Increasingly, the series appears torn between telling its main story and laying the groundwork for future spin-offs. This becomes particularly apparent through the constant references to Marie Moreau from Gen V. Her absence from the final season is beginning to feel increasingly strange given how dramatically the spin-off expanded the scope of her abilities. Marie has long since evolved beyond being a simple variation of Victoria Neuman's blood-manipulation powers. She can literally rewrite living tissue at a cellular level—curing degenerative brain diseases, restoring destroyed organs and regenerating severely burned bodies.
And this is where a major problem emerges within The Boys universe. If a character can manipulate biology to such an extent, a logical question arises: why is Homelander still alive? The series is either forced to keep Marie as far away from the main conflict as possible or will eventually have to artificially limit her abilities, because otherwise her very existence undermines the tension surrounding the search for a weapon capable of stopping Homelander. It is perhaps the clearest illustration of the franchise's current crisis: The Boys has expanded so much that it is beginning to break its own internal power structure and narrative stakes.
That said, the episode does contain one genuinely outstanding scene: Homelander's conversation with The Legend. It succeeds not because of spectacle or violence, but because of a sincerity the show rarely allows itself. The Legend is not afraid of Homelander. He does not pretend to be a hero, nor does he try to outmanoeuvre him. He simply looks at him with pity and describes him as a mad talent. Homelander's reaction is telling. He spares The Legend precisely because, for the first time in a long while, he encounters honesty rather than fear. It may well be the episode's finest moment—quiet, simple and far more powerful than most of the season's action sequences.
The problem is that The Boys' fight scenes have not been genuinely inventive for quite some time. Increasingly, combat boils down to characters throwing one another across rooms, while the creative team compensates for the lack of visual imagination with shock value, bloody grotesquery and sexual absurdity. The retirement-home sequence, in which one elderly Supe uses his own sagging genitals as a weapon, perfectly encapsulates the show's current state. The series still wants to shock its audience, but viewers have long since become accustomed to this level of insanity. Ironically, the most emotionally resonant moments in the episode are not the violent ones, but the brief human interactions between its characters.

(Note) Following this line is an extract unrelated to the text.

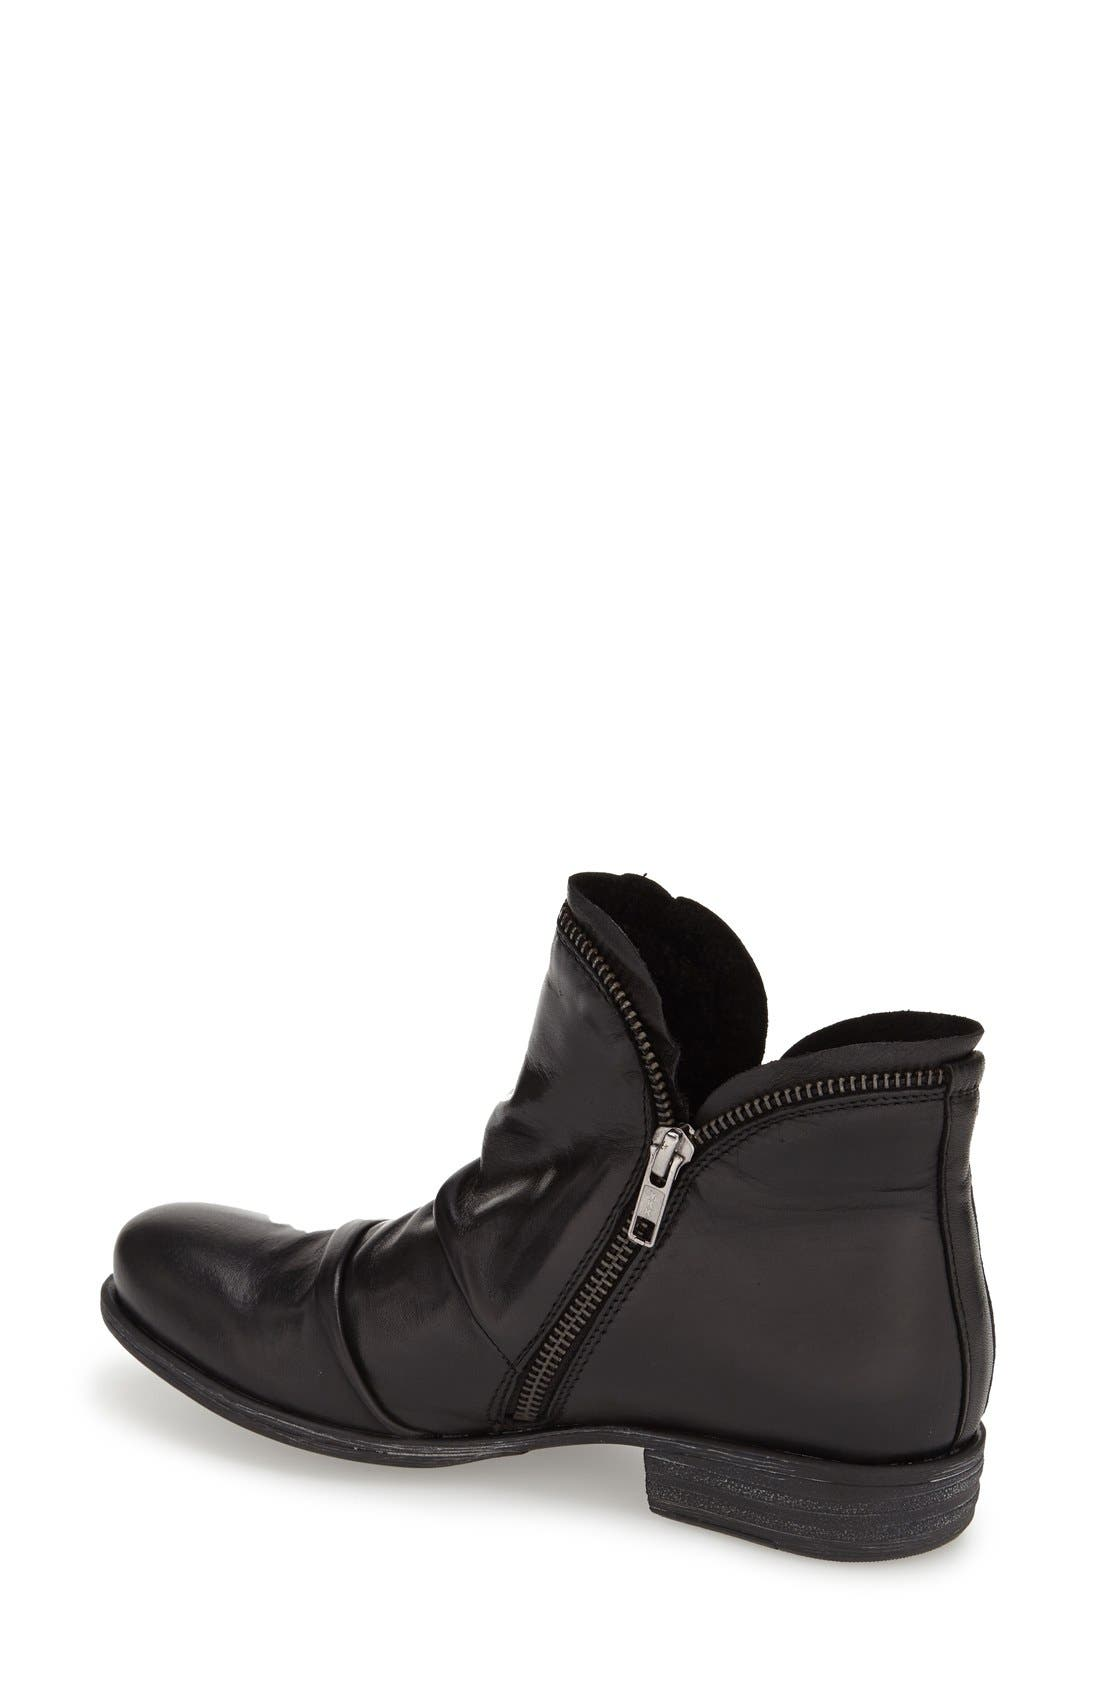 'Luna' Ankle Boot,                             Alternate thumbnail 2, color,                             BLACK

Episode six is simultaneously the season's most important instalment and the clearest illustration of its flaws. On paper, the stakes have never been higher: Homelander is now even more powerful, the virus no longer appears viable, Soldier Boy remains unpredictable, and The Boys have completely lost control of the situation. Yet the series increasingly resembles a story that does not know how to reach its own conclusion organically. The Boys remains capable of delivering strong scenes, sharp satire and effective emotional beats, but between those moments the fatigue of an overextended franchise becomes increasingly difficult to ignore. After years spent expanding its universe, the show now finds itself trapped between concluding its story and advertising the next chapter.
Final thoughts
The sixth episode's biggest problem does not lie in any individual plot decision but in the season's overall architecture. The Boys is attempting to function simultaneously as the conclusion of a story and as a launchpad for the next wave of franchise expansions. As a result, every major narrative development feels less like a resolution and more like a stopover on the way to another project. Even as the stakes objectively rise, the sense of closure never arrives.